The Big East Conference Men's Basketball Player of the Year award is given to the men's basketball player in the Big East Conference voted as the top performer by the conference coaches. It was first awarded at the end of the league's inaugural season of 1979–80.

The head coaches of the league's teams (currently 10) submit their votes following the end of the regular season and before the conference's tournament in early March. The coaches cannot vote for their own players.[1]

The award was introduced following the conference's first season in 1980, in which it was presented to John Duren of Georgetown.
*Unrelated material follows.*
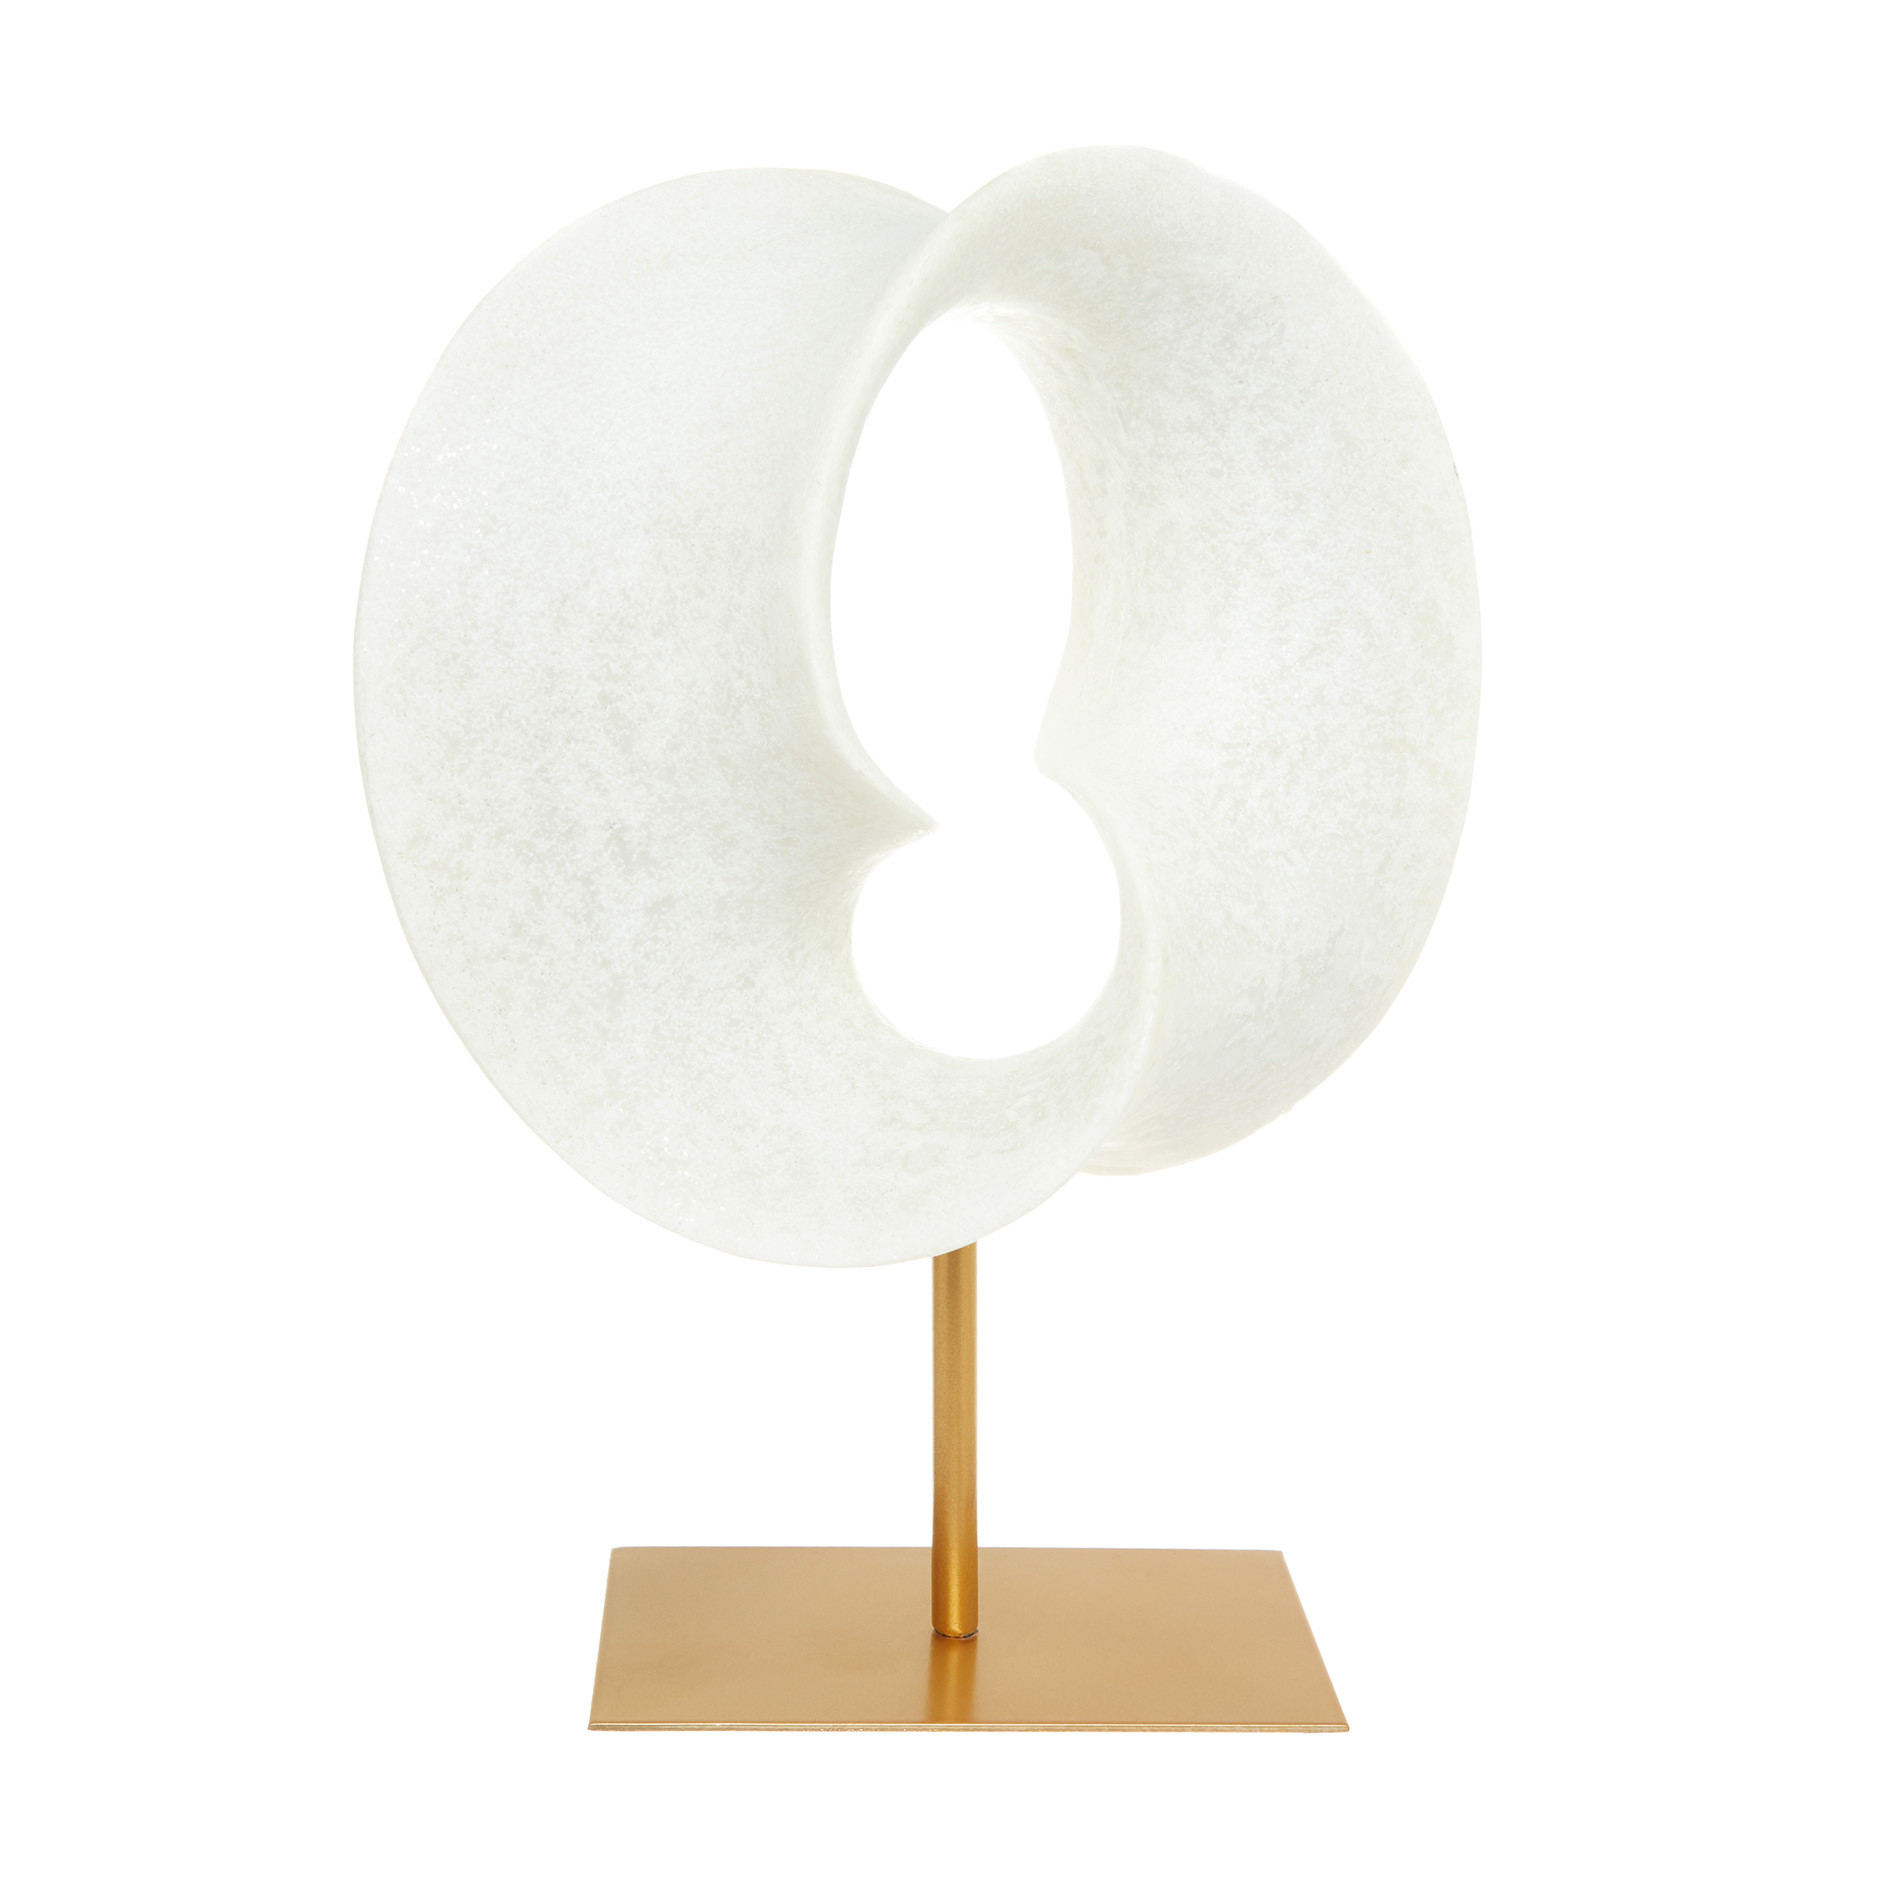 Scultura astratta su stand rifinita a mano, Bianco, large image number 0

Patrick Ewing (Georgetown), Richard Hamilton (Connecticut), Troy Bell (Boston College), Troy Murphy (Notre Dame) and Kris Dunn (Providence) each won the award twice, and Chris Mullin (St. John's) won three consecutive times from 1983 through 1985.[2][3] Three award winners have been inducted as players to the Naismith Memorial Basketball Hall of Fame. Ewing, who shared the award in 1984 and 1985 with Mullin, was inducted in 2008 after playing 17 years in the National Basketball Association between 1985 and 2002.[4] Mullin followed in 2011 after a 16-year NBA career (1985–2001).[5] Most recently, Georgetown's 1992 Player of the Year Alonzo Mourning entered the Hall in 2014 following a 16-year NBA career (1992–2008).[6] There have been seven ties; the most recent instance was that between Dunn and Ryan Arcidiacono of Villanova in 2015.[7]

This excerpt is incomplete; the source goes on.